To compile the Rust kernel to LLVM bitcode, run:

    rustc -O -C opt-level=3 -o kernel.bc --emit llvm-bc --target nvptx64-nvidia-cuda -C target-cpu=sm_86 -C target-feature=+ptx75 --crate-type lib kernel.rs

You can change `sm_86` flag to the minimum supported compute capability of your kernel (8.6 is the newest supported in clang and it's mostly for 30-series cards and onwards).

Refer to [this Wikipedia page](https://en.wikipedia.org/wiki/CUDA#GPUs_supported) for a list of cards and their supported compute capabilities.

Now, run cutransform on the llvm bitcode

    cutransform/target/release/cutransform kernel.bc

Finally, compile the new bitcode to PTX:

    llc -O3 -mcpu=sm_86 -mattr=+ptx75 kernel.bc

Now you can also choose to assemble the PTX for your card:

    ptxas --allow-expensive-optimizations true -o kernel.cubin --gpu-name sm_89 kernel.s

Where you can again change `sm_89` to the compute capability of your card.

Compute capability 8.9 is for 40-series cards.

For a complete and integrated example, see the `rust-example` crate included in this repo.

## C example usage

Here is an example C kernel:

```c

extern int threadIdxX(void);

void kernel(int *arr) {

    arr[threadIdxX()] = 123;

}

```

**Please note that all kernel functions should have a name starting with the word "kernel". Otherwise they won't be exported.**

To compile the C kernel to LLVM bitcode, run:

    clang -cc1 -O3 -triple=nvptx64-nvidia-cuda -target-cpu sm_86 -target-feature +ptx75 -emit-llvm-bc -o kernel.bc kernel.c

Now, run cutransform on the llvm bitcode

    cutransform/target/release/cutransform kernel.bc

Finally, compile the new bitcode to PTX:

    llc -O3 -mcpu=sm_86 -mattr=+ptx75 kernel.bc

Now you can also choose to assemble the PTX for your card:

    ptxas --allow-expensive-optimizations true -o kernel.cubin --gpu-name sm_89 kernel.s

Where you can again change `sm_89` to the compute capability of your card.

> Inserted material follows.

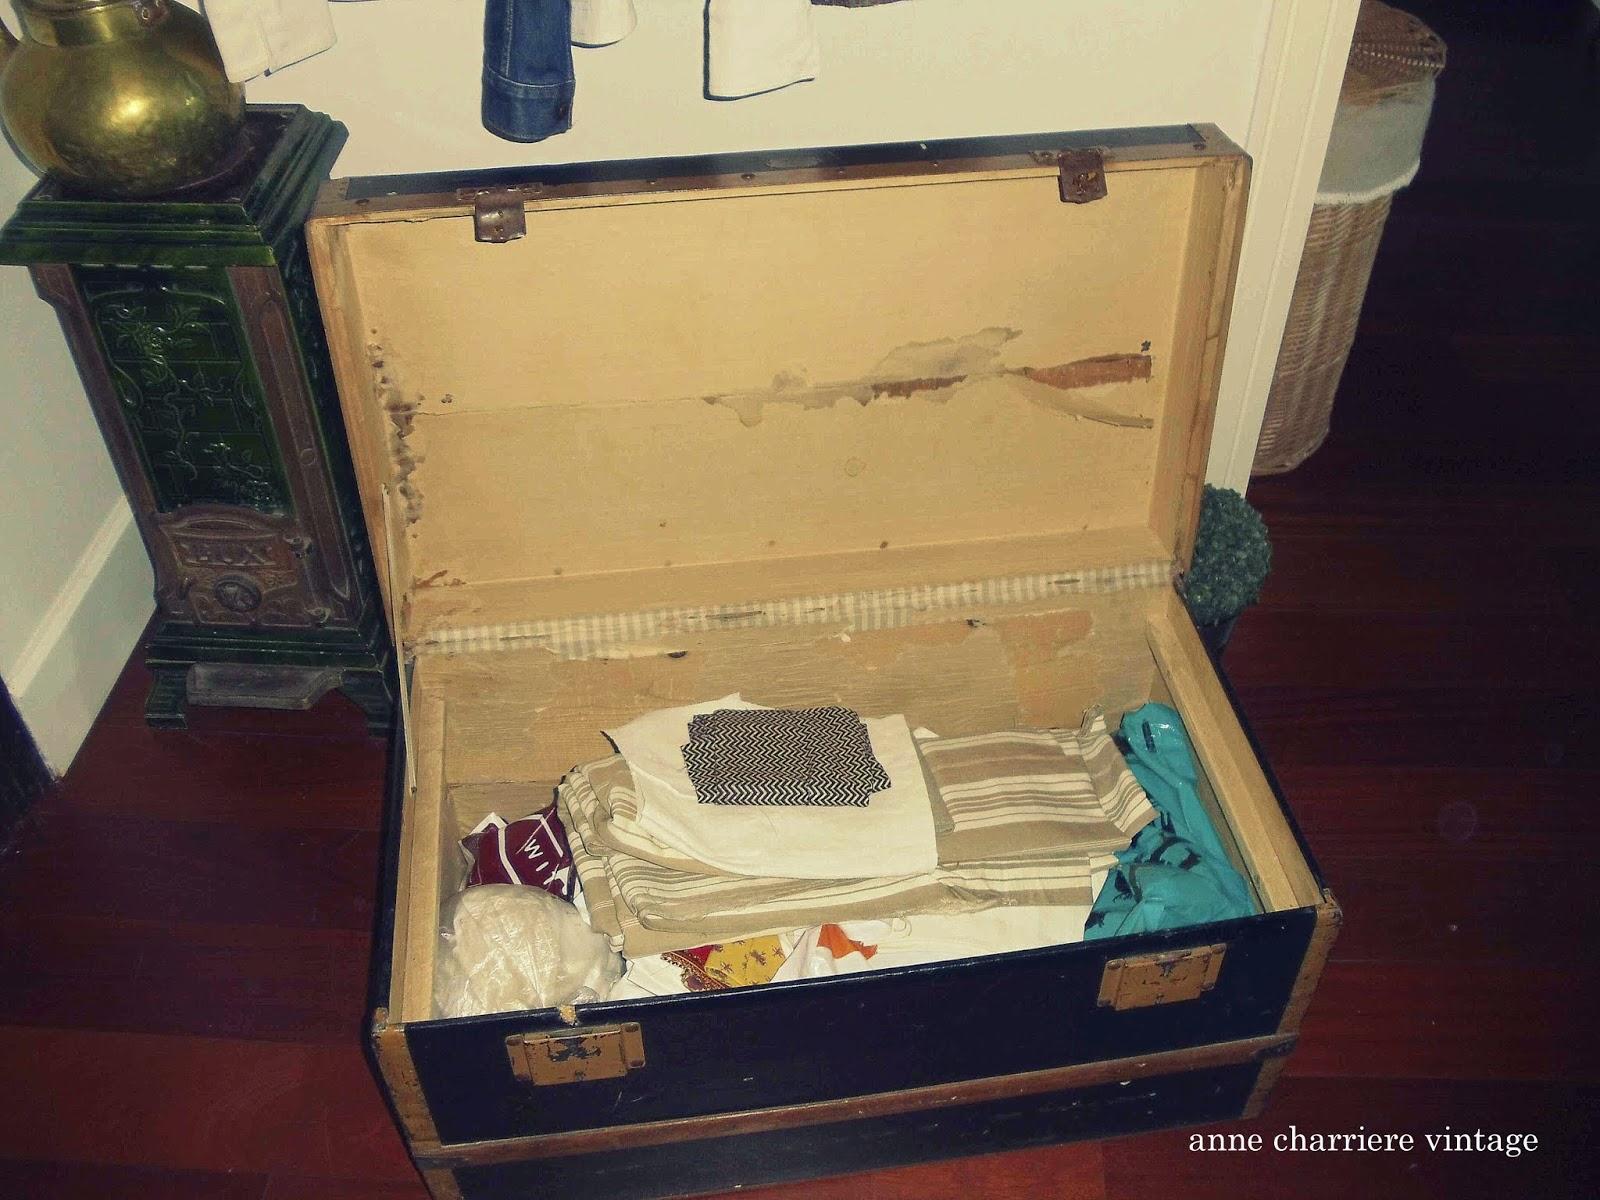 anne charriere, forrar baúl antiguo, tela, papel,
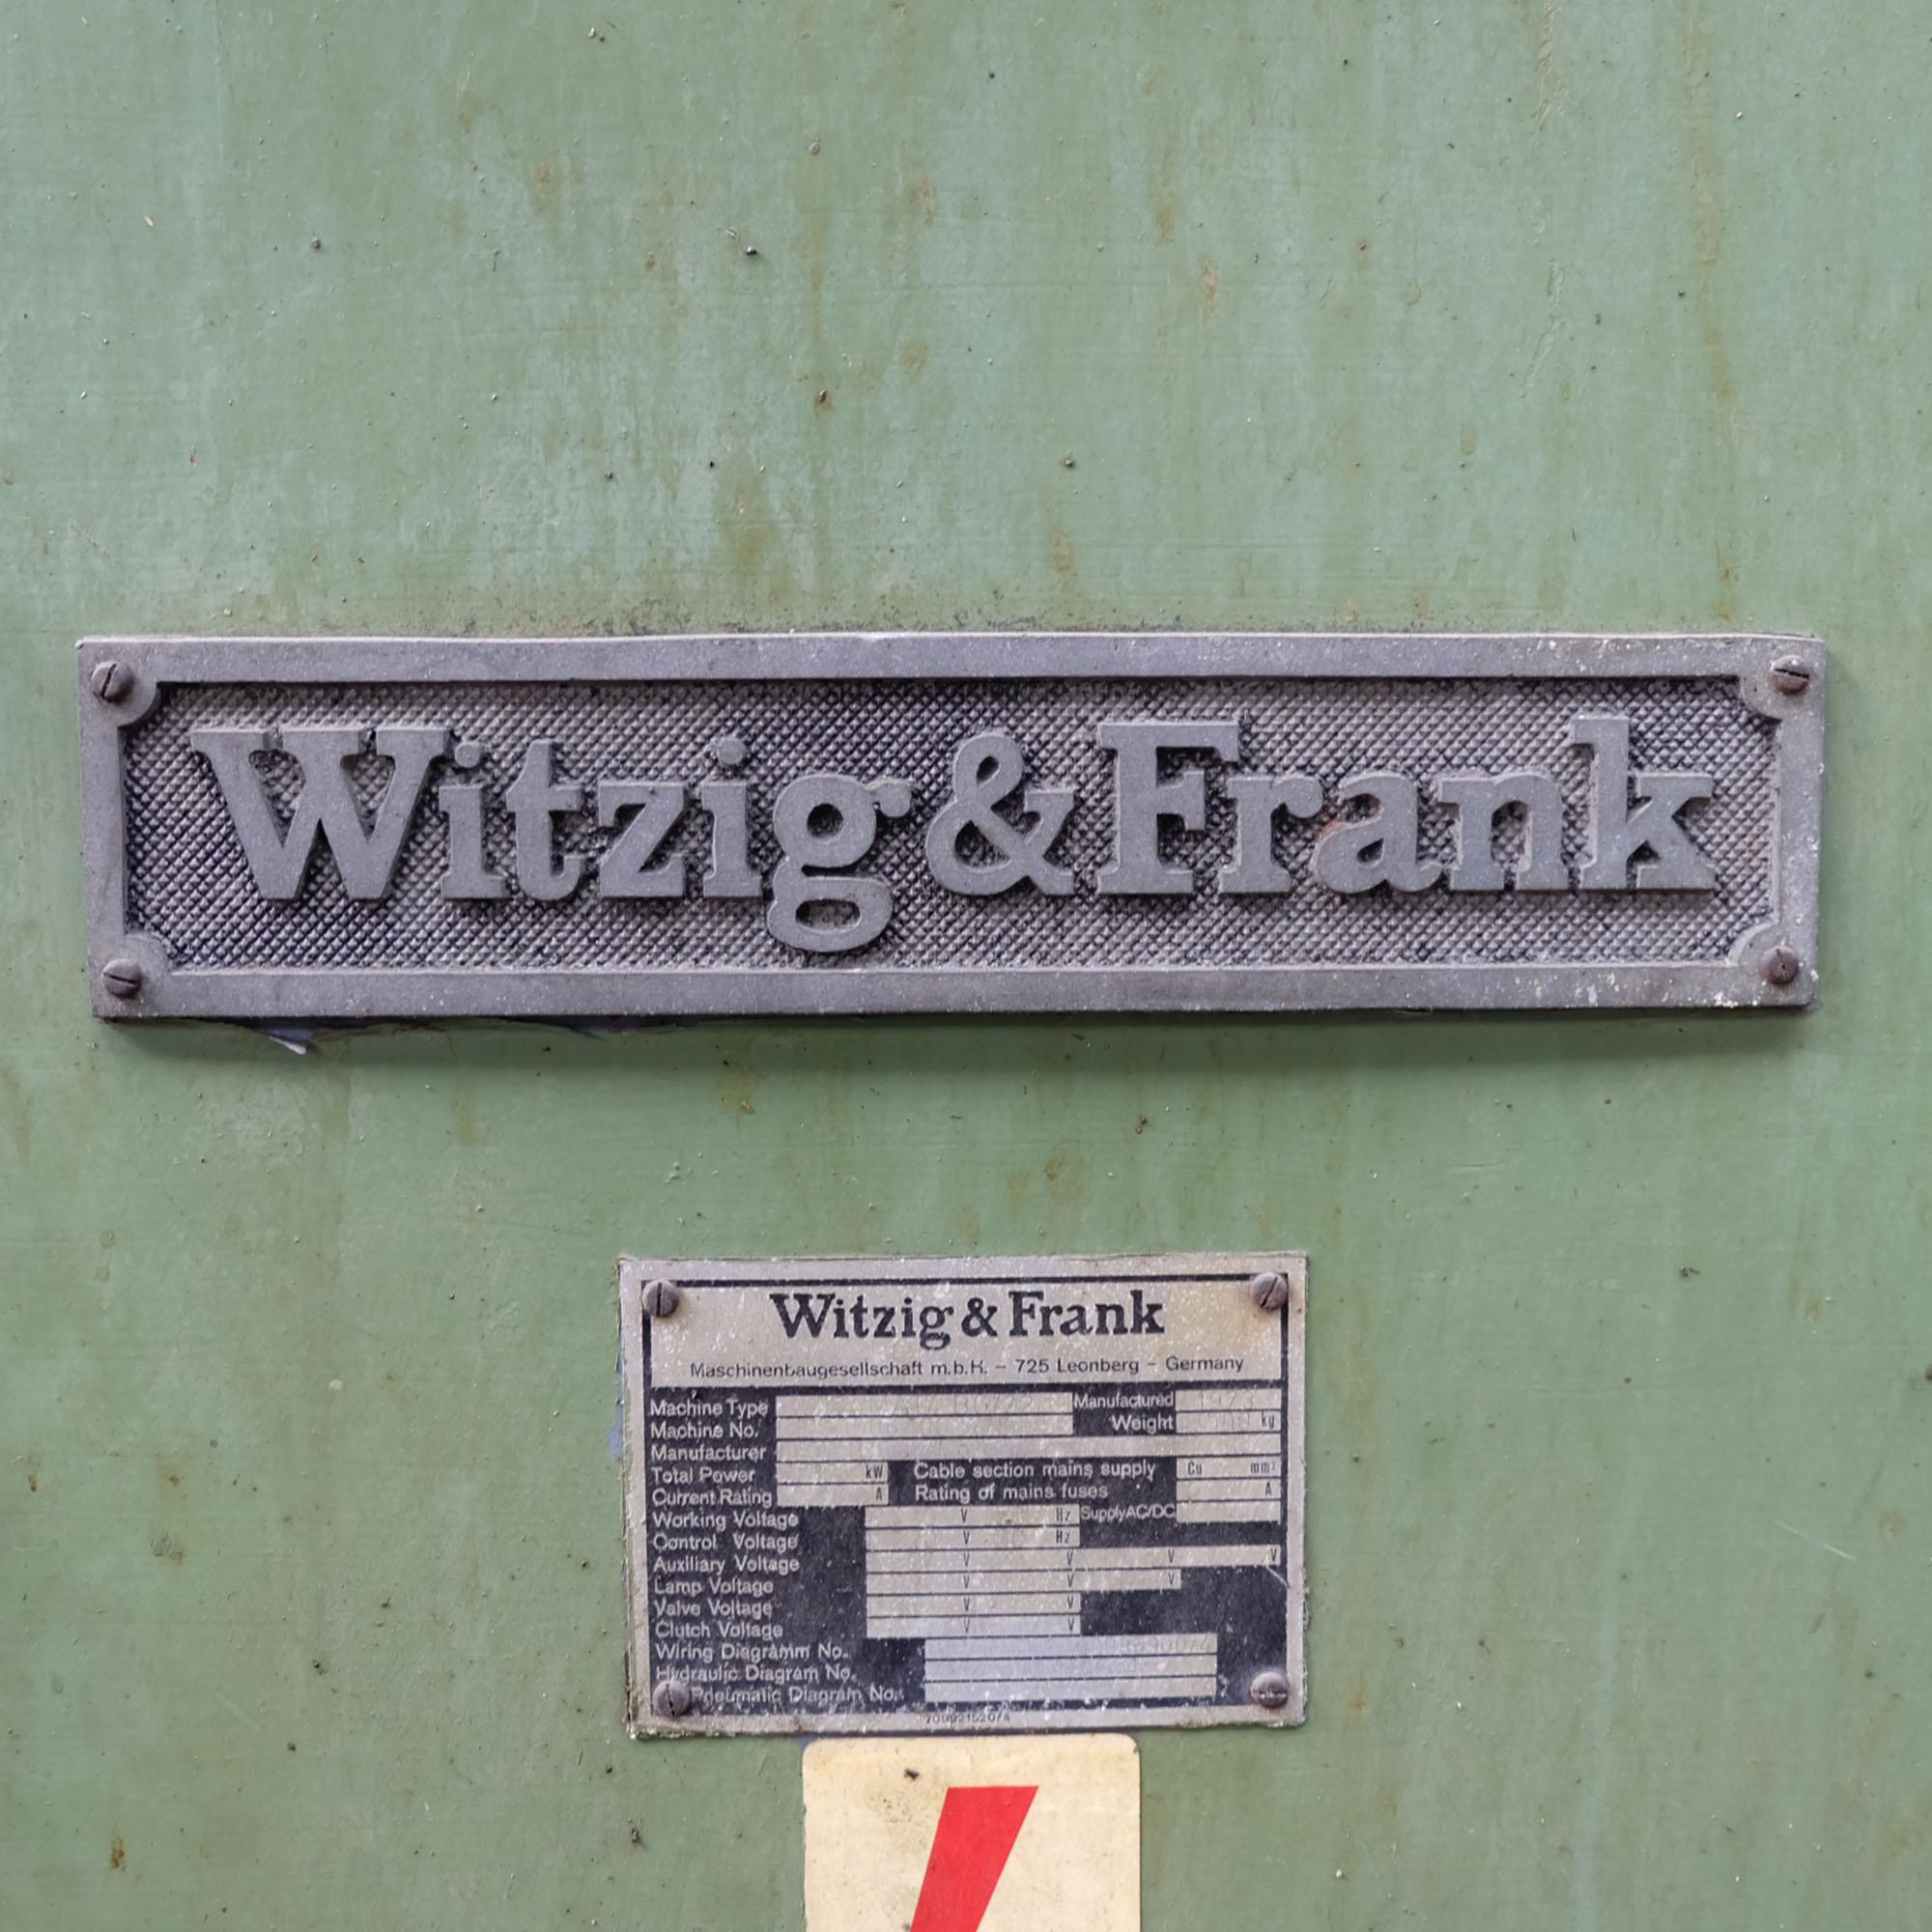 Witzig & Frank Model Adamat 4 BG/22. Six Station Indexing Rotary Transfer Machine. - Image 9 of 11

Compute capability 8.9 is for 40-series cards.

For a complete and integrated example, see the `c-example` folder included in this repo.

## Zig example usage

Here is an example Zig kernel:

```zig

extern fn threadIdxX() i32;

export fn kernel(arr: [*]u32) callconv(.C) void {

    arr[@intCast(usize, threadIdxX())] = 123;

}

// Override the default entrypoint

pub fn _start() callconv(.Naked) void {}

```

**Please note that all kernel functions should have a name starting with the word "kernel". Otherwise they won't be exported.**

To compile the Zig kernel to LLVM bitcode, run:

    zig build-obj -O ReleaseSmall -target nvptx64-cuda -mcpu sm_86+ptx75 -fno-emit-asm -femit-llvm-bc=kernel.bc kernel.zig

Now, run cutransform on the llvm bitcode

    cutransform/target/release/cutransform kernel.bc

Finally, compile the new bitcode to PTX:

    llc -O3 -mcpu=sm_86 -mattr=+ptx75 kernel.bc

Now you can also choose to assemble the PTX for your card:

    ptxas --allow-expensive-optimizations true -o kernel.cubin --gpu-name sm_89 kernel.s

Where you can again change `sm_89` to the compute capability of your card.

Compute capability 8.9 is for 40-series cards.

For a complete and integrated example, see the `zig-example` folder included in this repo.